Overview of the experiment. (A) Experimental design. The GFP collection strains are crossed to near-isogenic (BY) and genetically diverged (RM) parental strains, the progeny measured using two assays, and sorted for pQTL mapping. (B) Section of an example microscopy image. Hxt2-GFP signal is shown in green and nuclear Hta2-mCherry signal in red; white outlines designate the cell boundaries. (C) Classifying cells into BY × BY inbred progeny and RM × BY segregants. The mCherry fluorescence (x-axis, log10 scale) of the RM parent (mCherry*, dark red) is on average ∼100-fold lower than that of the BY parent (mCherry wild type, bright red), and is used to classify cells into RM × BY or BY × BY cross progeny. (D) Example cytometry readout. Hxt2-GFP level (x-axis, log10 scale) is measured for tens of thousands of individual cells from the inbred BY × BY population (blue) and segregating RM × BY population (green), and used to calculate the summary statistics of the Hxt2 protein level.
Extent of trans variant influence on protein abundance
The ORF-GFP locus is fixed to the BY background in our crossing and selection design, thus all the differences between the inbred and outbred GFP levels are expected to be due to trans effects. We find that trans variants have a large effect on a subset of protein abundances in the BY × RM cross: 6% of fusion proteins (197/3251) differ by 20% or more between inbred and outbred progeny (Fig. 2A,B). Examples include GFP fusions to Hxt2 (hexose transporter) (Fig. 1B–D), Pdr5 (pleiotropic ABC transporter), and Mdh1 (malate dehydrogenase) (Fig. 2A). We find functional enrichment among proteins whose abundance varies in the cross, consistent with functions of known segregating regulators (Mense and Zhang 2006; Smith and Kruglyak 2008), enrichments of transcript level changes, and the different evolutionary backgrounds of the parental strains (Supplemental Table 3; Supplemental Results; Supplemental Methods; Mortimer et al. 1994; Warringer et al. 2011).
Genetic contribution to protein levels via trans variants. (A) Protein levels are similar in the inbred BY × BY and segregating RM × BY populations. Average protein level for the inbred BY × BY individuals (x-axis, log10 scale) and BY × RM segregants (y-axis, log10 scale) for 3173 genes (blue dots). Individual examples of genes with a large difference between inbred and outbred progeny, and genes discussed in the text are highlighted. (B) The distribution of differences in GFP level between inbred and outbred populations is tightly centered on zero. The effect of 0.1 on the log10 scale corresponds approximately to a difference of 25%. (C) Single-cell protein level heritabilities are low. Distribution of broad sense heritability (x-axis), calculated as the fraction of total variation explained by genotype in the pooled population of inbred BY × BY and outbred RM × BY segregants, assuming 50% contribution from both. Median heritability across genes is marked with a red asterisk. (D) Population average protein level heritabilities are high. Distribution of broad sense heritability (x-axis), calculated as the average squared difference of mean protein level between inbred BY × BY individuals and RM × BY segregants and the total variation in average protein level across replicates and populations. Median heritability across genes is marked with a red asterisk.

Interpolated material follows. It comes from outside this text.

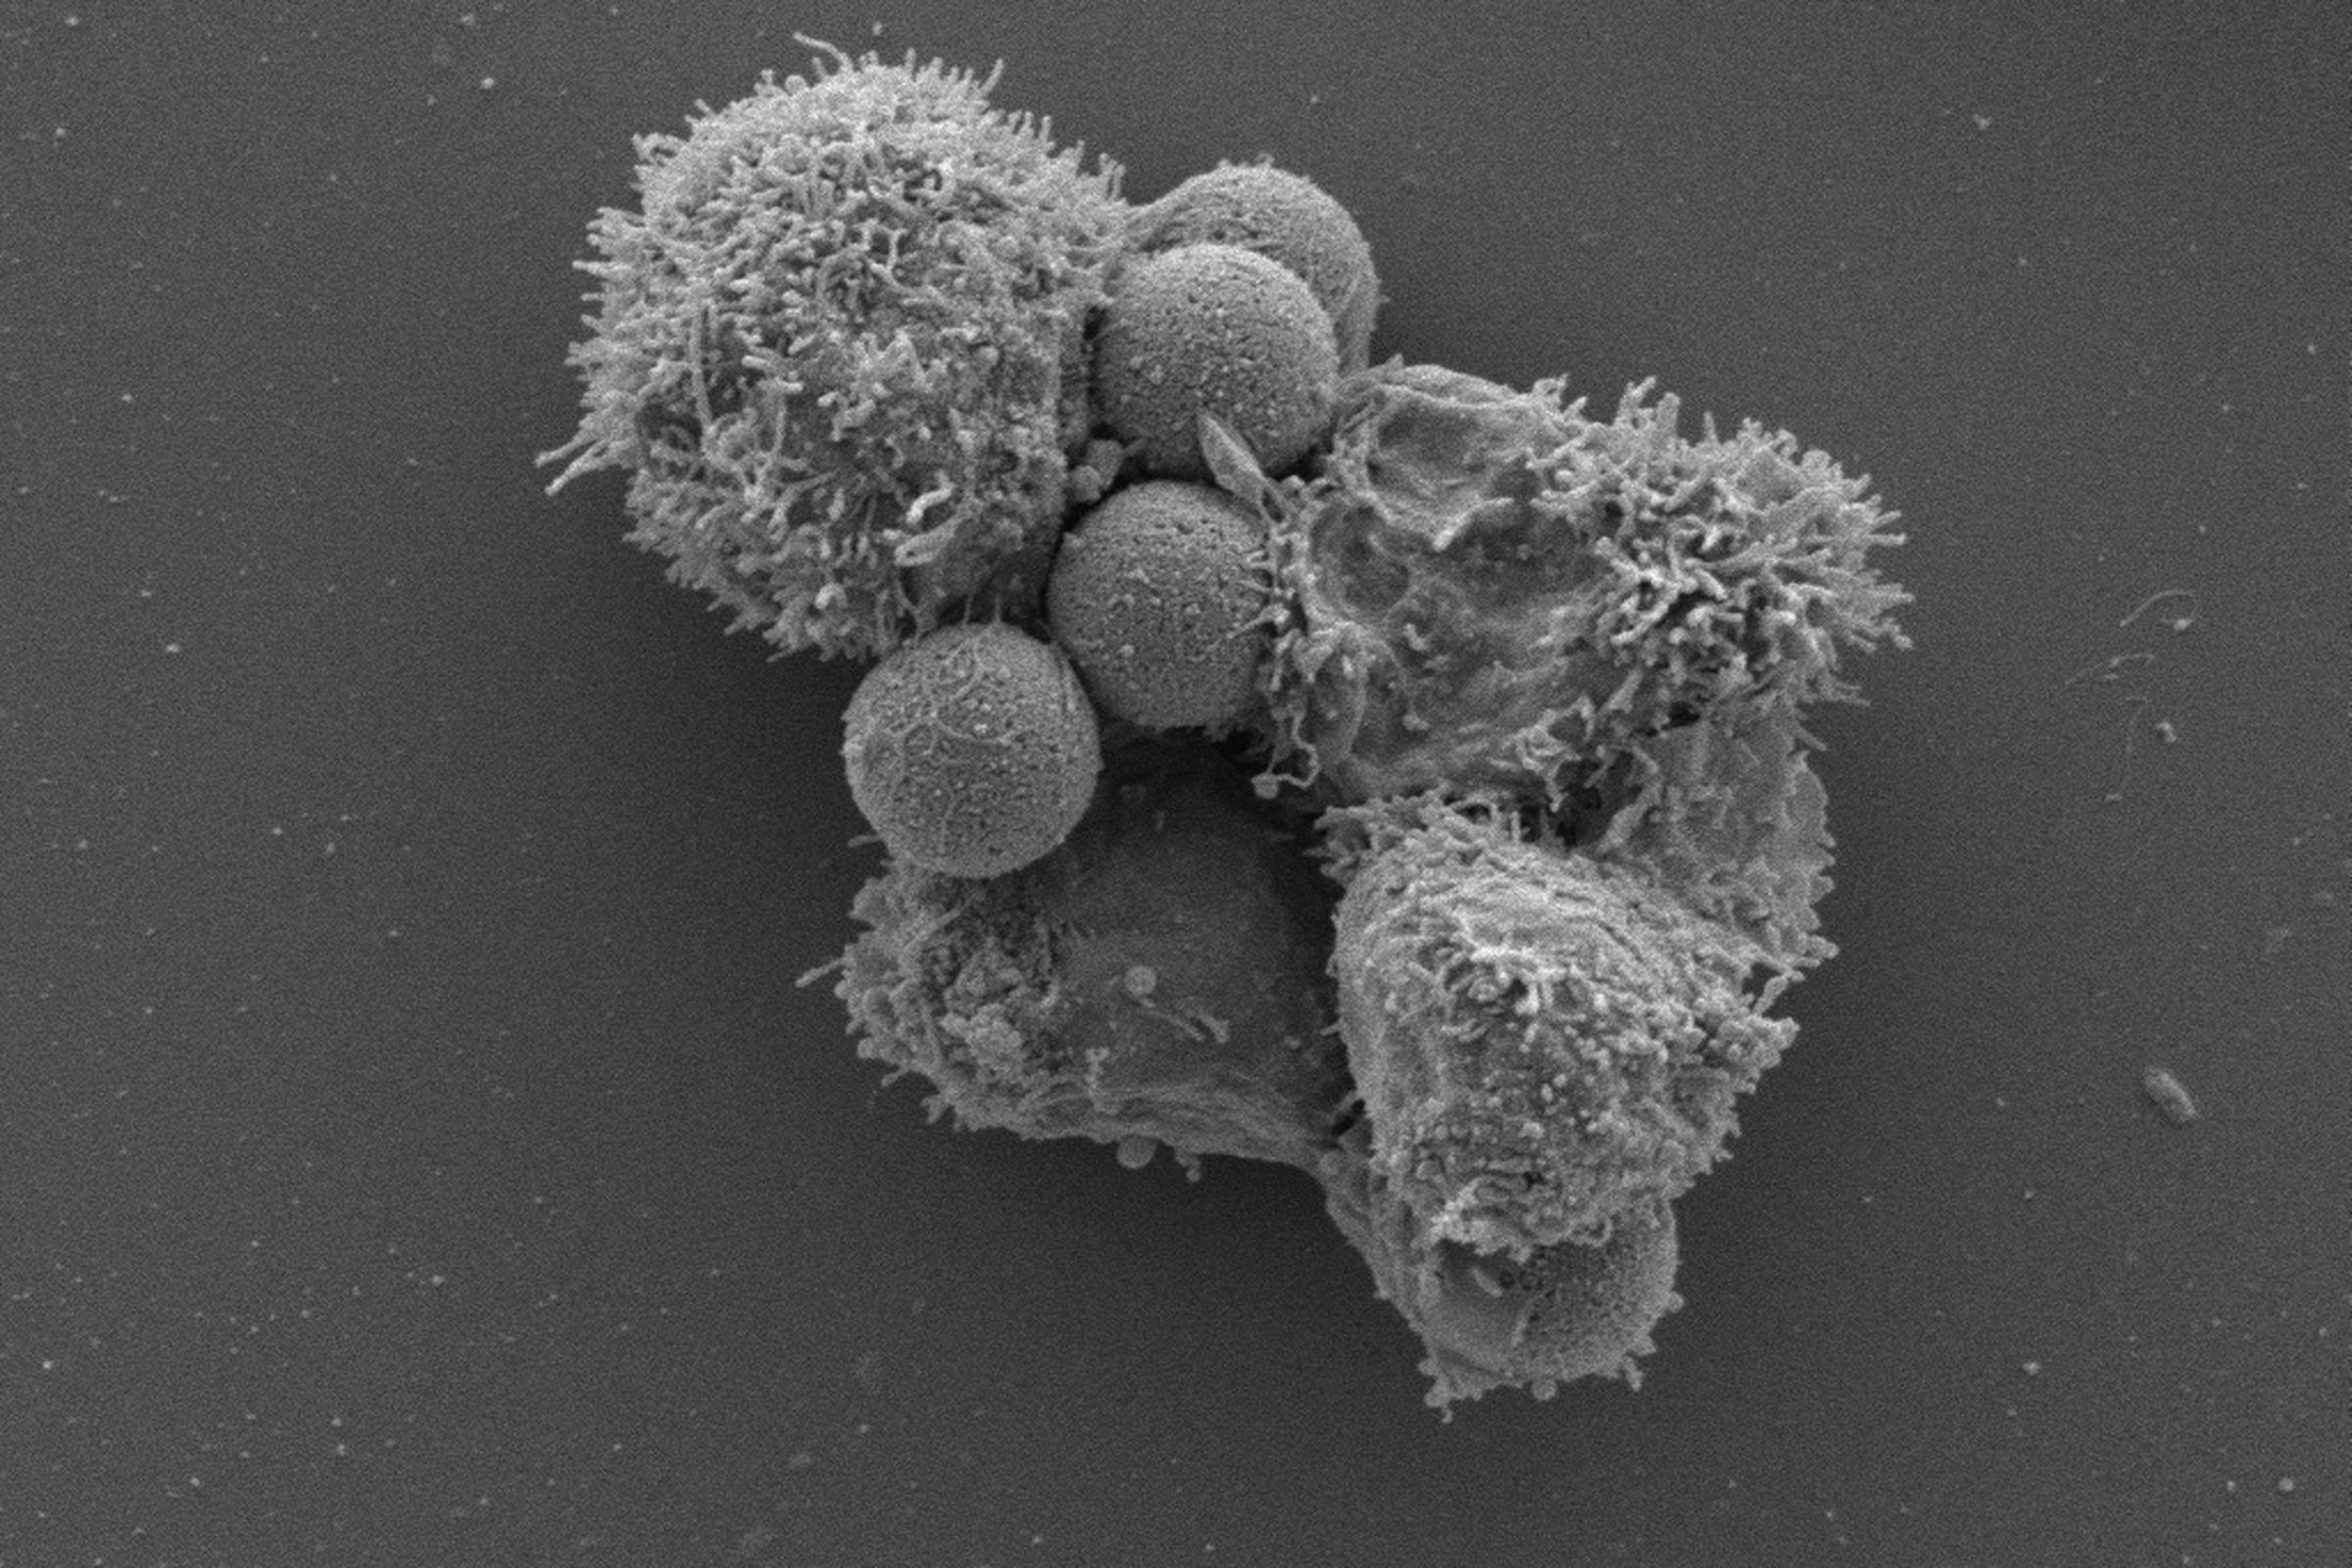 A designer T cell in manufacturing at the University of Pennsylvania. Sample preparation by the Electron Microscopy Resource Laboratory of the Perelman School of Medicine.

Genotype accounts for at least 50% of the variation in population mean protein abundance for 49% of the traits we measured (Fig. 2D; Supplemental Table 4; Methods). The magnitude of cell-to-cell variation in the measured populations was, however, much larger than a typical genetic signal (Fig. 1C,D; Supplemental Fig. 3). Thus, the distribution of the fraction of GFP level variation between single cells that could be attributed to genotype was skewed toward zero (median H2 = 0.03) (Fig. 2C; Methods). We further quantified the maternal contribution to single-cell protein level variation by microscopy and found that mother and daughter cells have more similar protein levels compared to random pairs for 90% of the measured genes (Supplemental Fig. 5; Supplemental Table 2; Methods). This indicates that the large observed variation in protein abundance between individual cells is not completely stochastic in nature.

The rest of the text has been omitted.